Baraq drew a breath. “Yes.”
He didn’t tell her that his next thought was of the Family—his father parading over his child’s jahalarat, overseeing the process of bringing another Waganat into his clutches, looking at the child like the prospective laborer it would certainly be, like another of so many slaves.
“Not a heat goes by that I don’t think of her.”
“Me, too,” Crissandr said, her voice wavering between anxiety and guilt, her central clouding. “I think it’s all right, though, don’t you?”
When he was younger, he would never have understood the power he had at this moment, the ability to crush his pair-mate with a single word or to raise her up with a mere glance. The muscle over her brow was tight, and her lips were now drawn and bloodless. But hope flooded her primaries, and she held her body upright and forward, bold and proud like a warrior marching.
He nodded and smiled warmly. He kissed her lips, tasting her fear as it slipped away.
“It’s better than all right.”
Inside, though, his stomachs twisted and he felt the clutches of his Family name, saw images of Hara, and oddly—so oddly—smelled the arid chill of skies littered with blue-white pinpoints glimmering.
CHAPTER 24
The year moved through Convergence and into Divergence—when Eldoro and Katon ruled opposite sides of morning and night—then to the time of Eldoro Leading, when the heat of that god rose early to be chased through the sky by his smaller sister.
/> Crissandr began to show signs of their child.
They did the sacrifices to ask aid in preparing their home for the child’s arrival, twelve bows to the greater heat and six to the lesser. They attended a Family outing, Baraq cringing when the topic of the jahalarat was brought up.
Part of his discomfort was the Taranth Stone, of course, which he studied at night when he could slip away.
He decided that the next piece of technology he looked at would be a device that appeared to shoot light into another box of strange components. He wanted to talk to someone about it. He wanted to share the wonder of his findings. But his first three experiments were not complete, and he didn’t want to stretch himself too thin.
So he waited.
He was repairing a wall in his shop when he learned Kaatla Regonar had crashed and died in one of his flying machines.
Kaatla had recently briefed Baraq on his progress. The system, he said, was designed to push the Taranth Stone through the air at great speed. The basic dynamics of the process was similar to those that propelled a bullet from a gun, but different: Fuel burned in a small compartment exhausted through a nozzle, resulting in a force in the opposite direction. Still, the equations that governed the process remained a mystery, as did anything about what kind of fuel the device used. Kaatla had sent a sample of the inner compartment to a cohort for analysis, but had not heard back at the time of their meeting. In the meantime, he was experimenting with his own shaped chambers.

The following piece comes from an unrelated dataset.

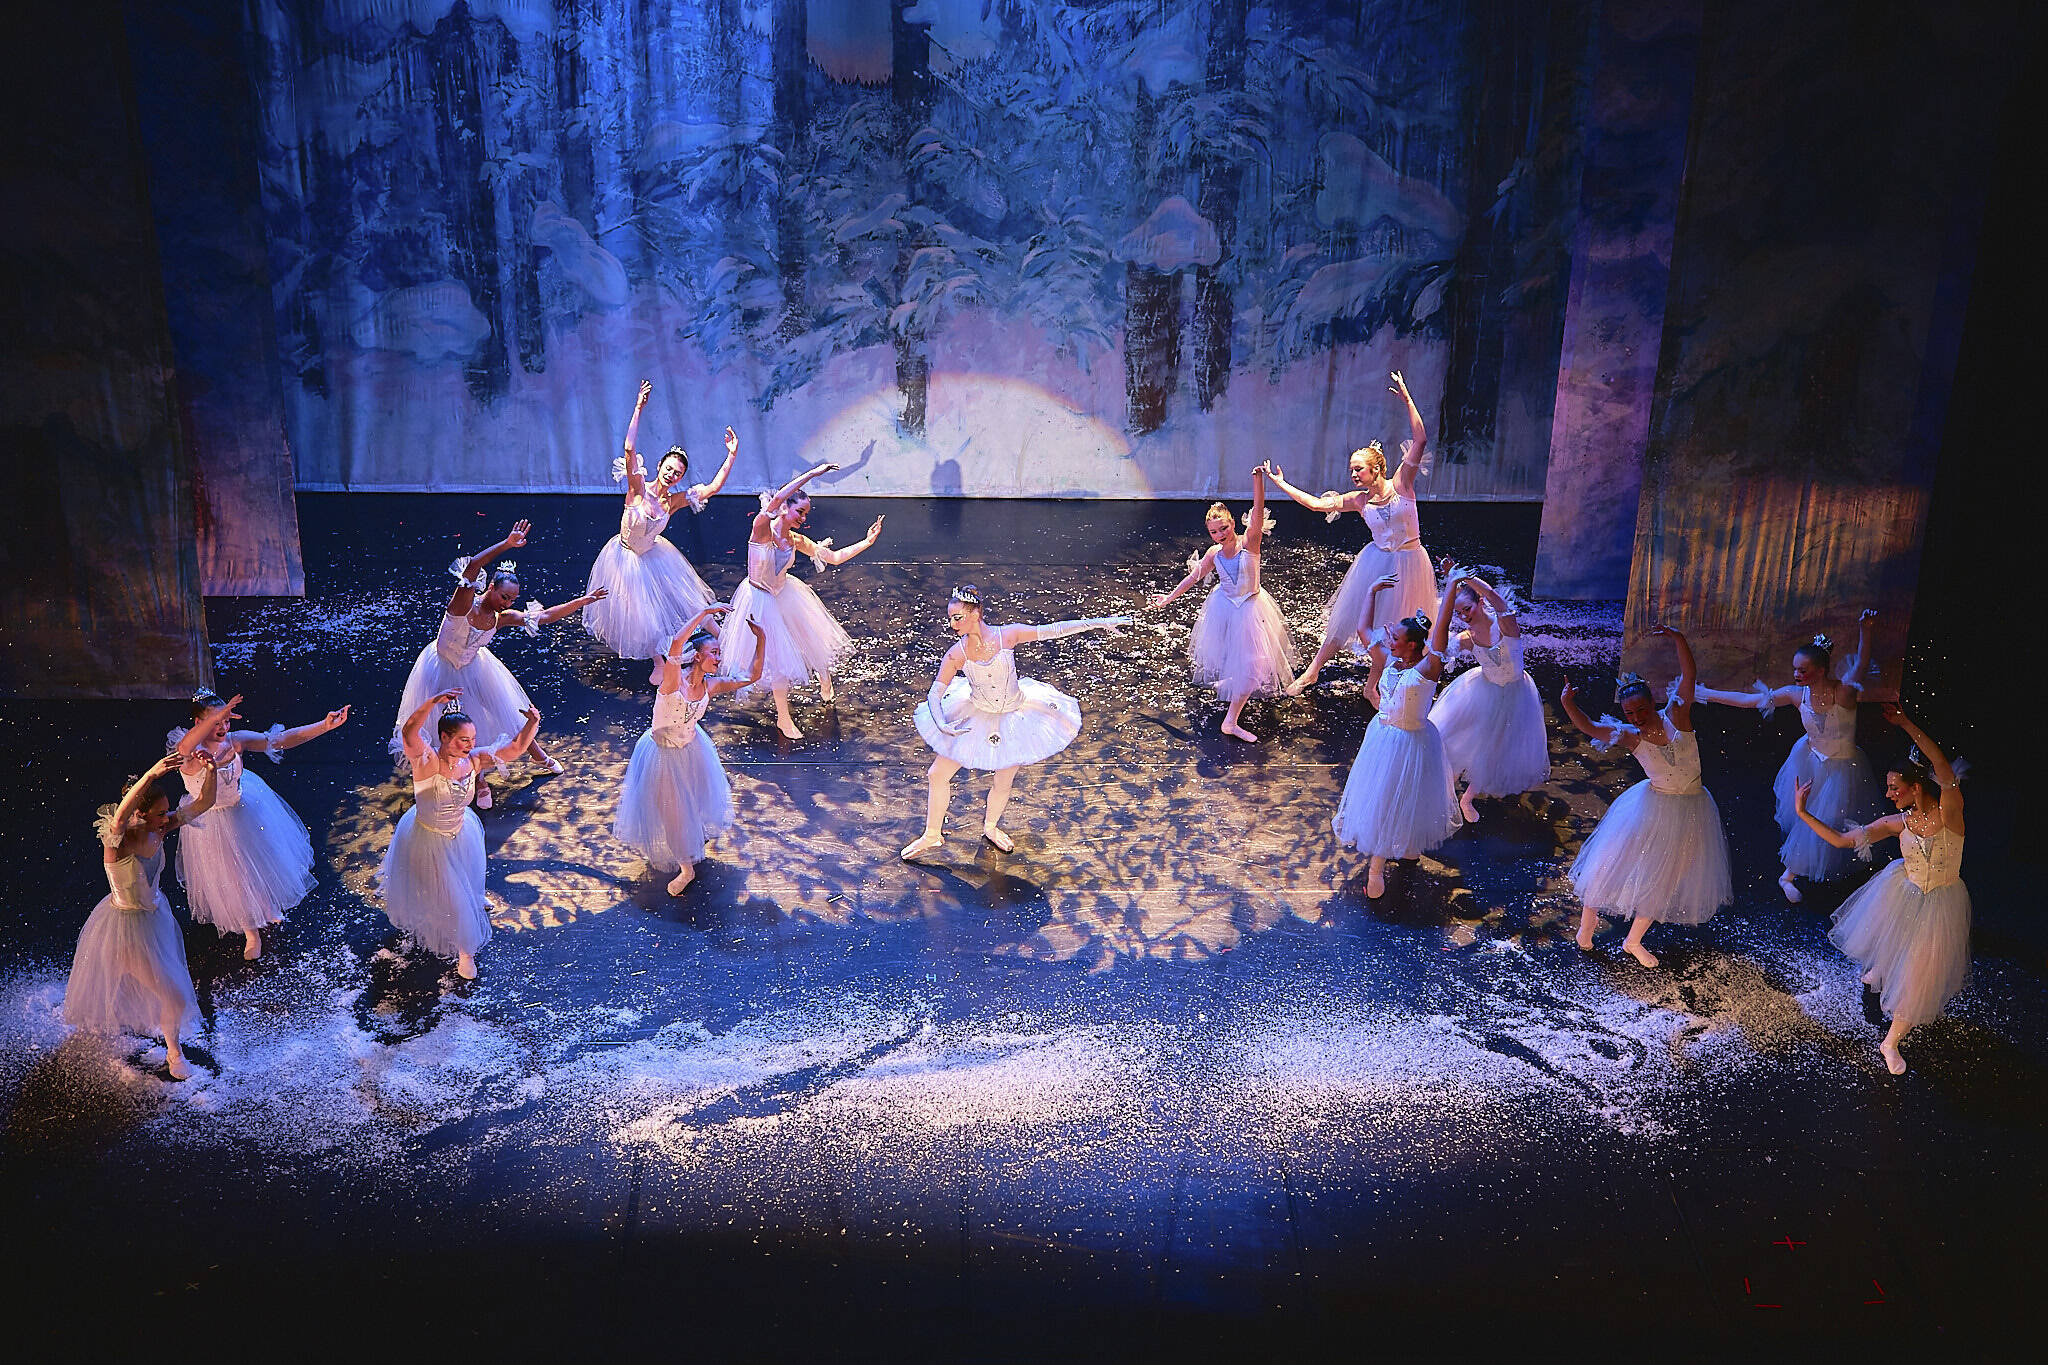 Photo by Christopher Kincaid
Dancers perform on Friday, Dec. 2, 2022, for the Homer Nutcracker Ballet held at the Mariner Theatre in Homer, Alaska.

Kaatla’s death was a setback, but Baraq thought nothing strange about it at the time. Kaatla was a risk-taker, a trait that made him the inventor he was. He had been working on his flying machine for years, and quadars had been predicting a broken neck for just as long.
Two heats later, Estaut’s pair-mate found Estaut floating in an underground pool.
He, too, had just briefed Baraq, reporting that the wafers seemed analogous to the quadars’ own component-driven electronics, and that microscopic examinations of each component revealed a vast collection of circuitry. He had been able to excite small pieces of the device, but had no way to probe the wafers themselves and did not understand how such a component might be built. The next step would be running studies of the material to see if something could be learned from it.